The frequency-resolved viscoelasticity of a hydration layer on a mica surface was studied by pulse-response measurement of a magnetically driven atomic force microscopy cantilever. Resonant ringing of the cantilever due to its 1st and 2nd resonance modes was suppressed by means of the Q-control technique. The Fourier–Laplace transform of the deflection signal of the cantilever gave the frequency-resolved complex compliance of the cantilever–sample system. The significant viscoelasticity spectrum of the hydration layer was successfully derived in a frequency range below 100 kHz by comparison of data obtained at a distance of 300 nm from the substrate with those taken in the proximity of the substrate. A positive value of the real part of the stiffness was determined and is attributed to the reported solidification of the hydration layers.

Introduction

Liquid solvation is a phenomenon common to a large variety of liquid–solid interfaces [1]. In particular, water solvation, or hydration, on hydrophilic surfaces has drawn interest because of its relevance to biological phenomena on the molecular scale. The dynamical properties of hydrated water have been reported to largely differ from those of bulk water based on the analysis of results from various macroscopic experimental approaches [2-4]. Among the new experimental methods developed in the last few decades, atomic force microscopy (AFM), which was originally invented as an imaging method, has also manifested its potential as a site-specific profiling tool of force interaction. Utilizing the high spatial resolution of AFM, various intriguing properties of liquid solvation [5-19], especially hydration [8,9,11-15,18,19], have been newly revealed. It should be noted that, in addition to its high spatial resolution, AFM possesses a distinguished aptitude for dynamical measurements, which is mainly due to the cantilever sensor having the character of a well-defined oscillator. Measurement of the complex response function to oscillatory stress of the sample under study, i.e., the viscoelasticity, is a common approach for studying the dynamical properties of matter, especially so-called soft matter.

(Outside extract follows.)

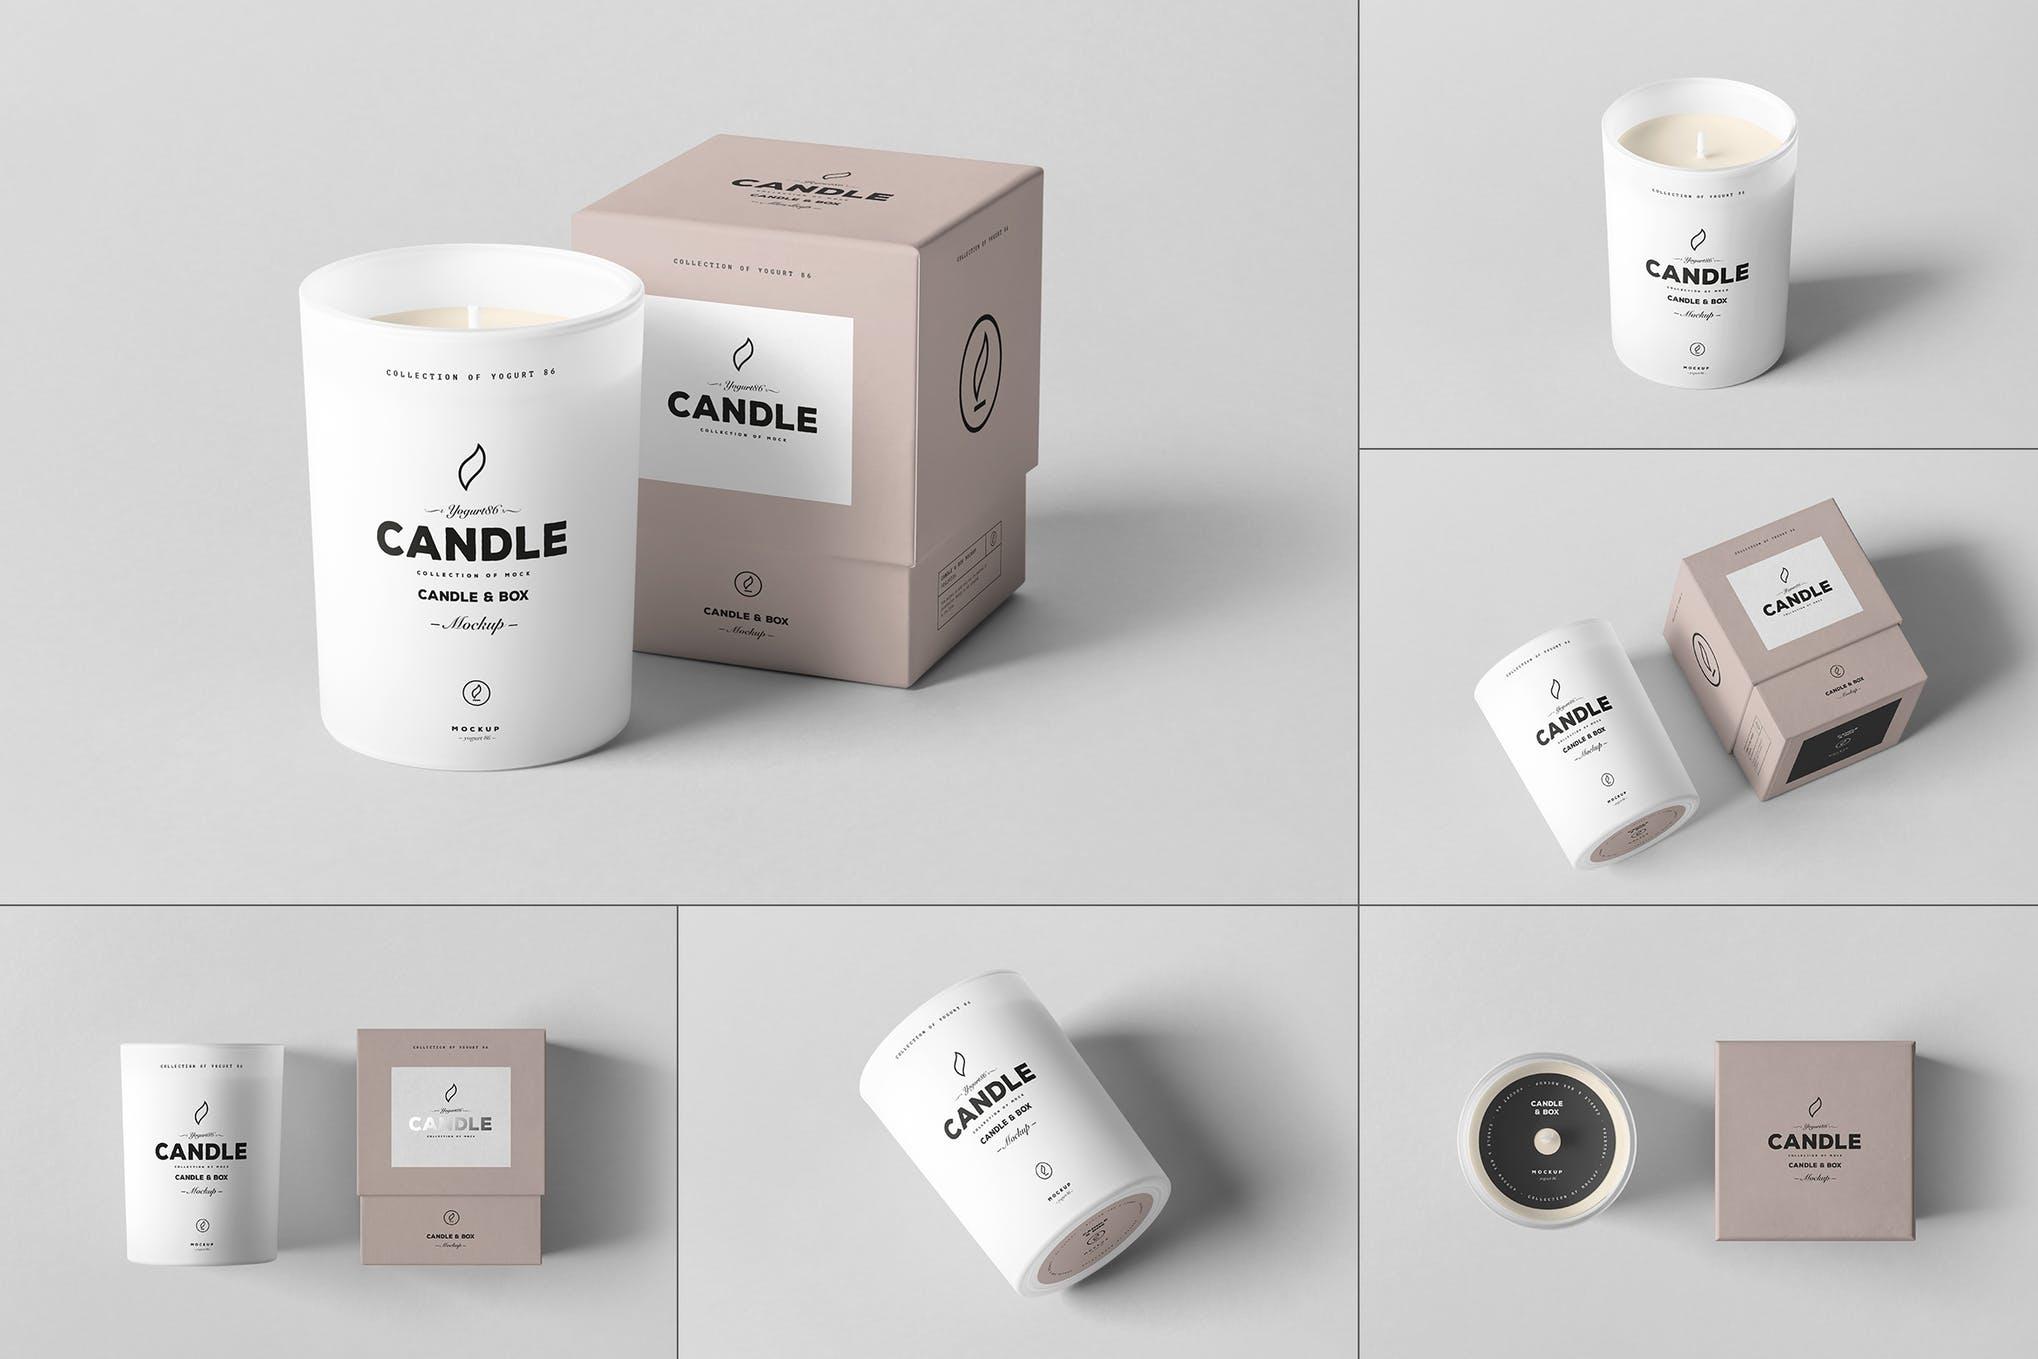 蜡烛香薰和包装盒样机效果图插图(1)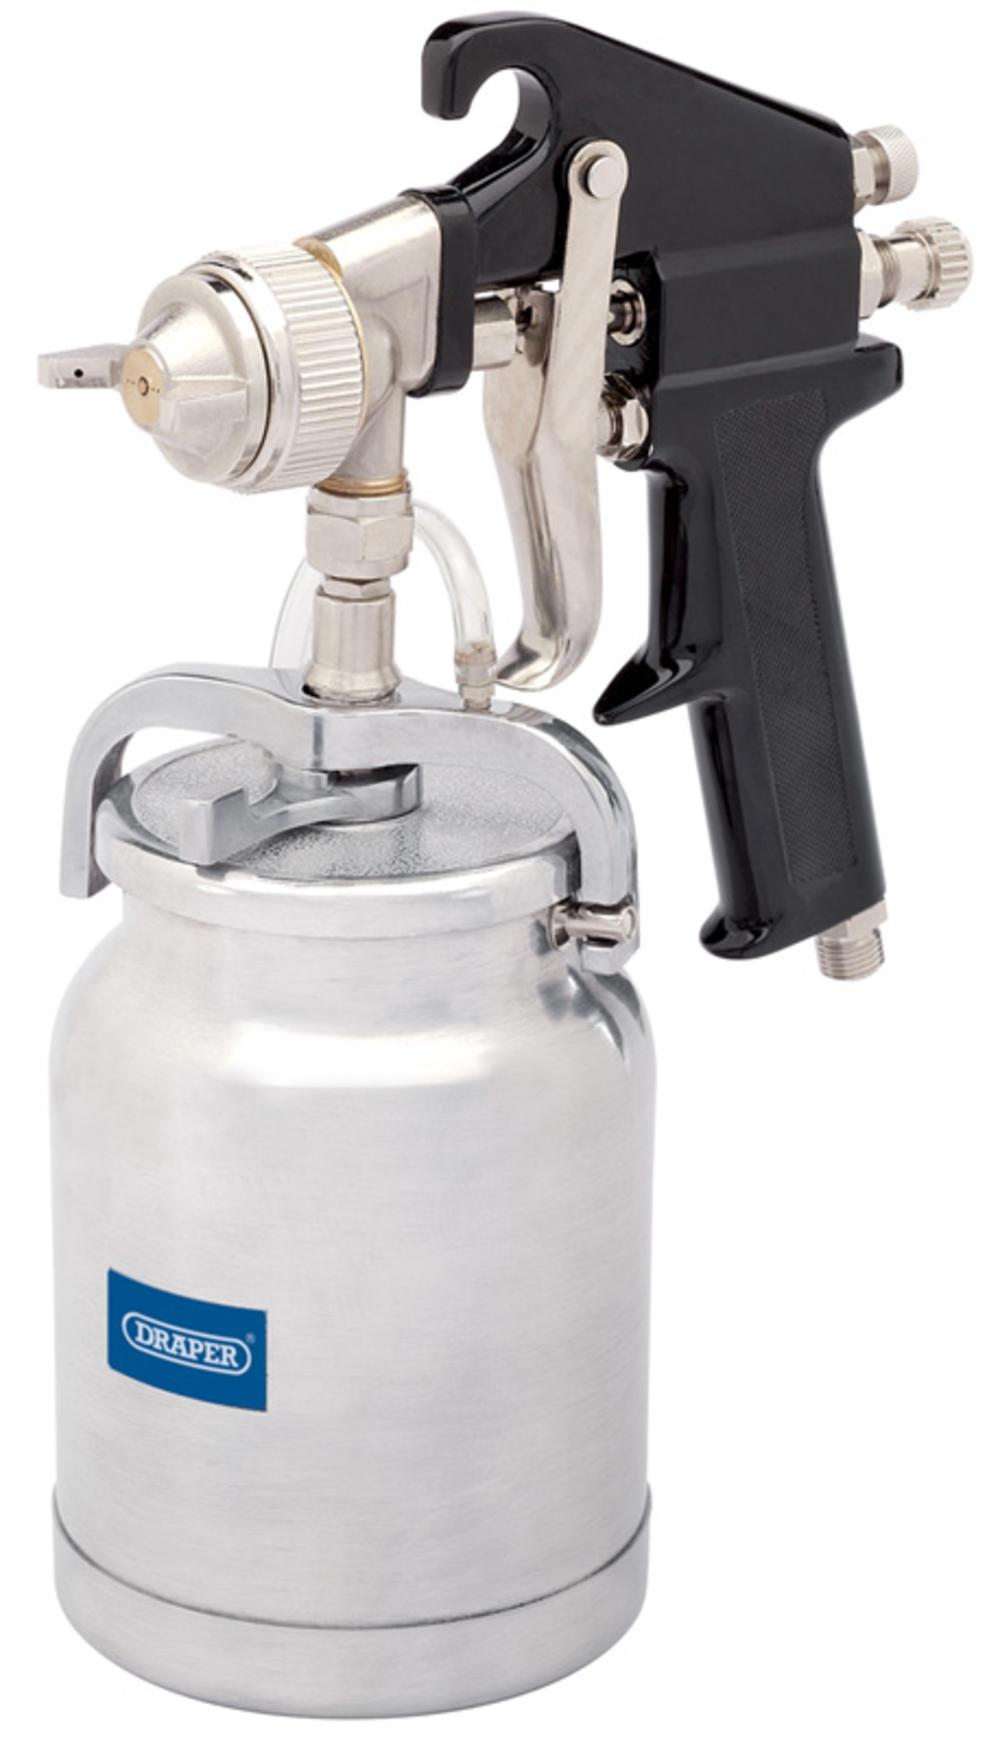 Draper 21526 4212HP 1L Air Spray Gun

It is remarkable that the time-scales of hydration dynamics reported, based on AFM [11,13,15,19] and other mechanical measurements [20,21], differ by orders of magnitude from even those reported from conventional macroscopic hydration measurements, and thus are enormously longer than the bulk value of about 8 ps derived from dielectric relaxation measurements. Here it should be noted that the dielectric measurements detect rotational relaxation of the molecules and therefore should not necessarily coincide with mechanical measurements, such as AFM, in which the translational motion of molecules is considered to play a role. Microscopic viscoelasticity measurements using the AFM hold the potential to approach water hydration from an aspect that has been little explored. At the moment viscoelasticity measurements of hydrated water using the AFM have mostly been carried out only at a single frequency. As a matter of course, interest is oriented toward the mapping of the frequency-resolved viscoelasticity spectrum. The number of reports of the frequency-resolved viscoelasticity analysis of soft matter using the AFM is quite limited [22-25].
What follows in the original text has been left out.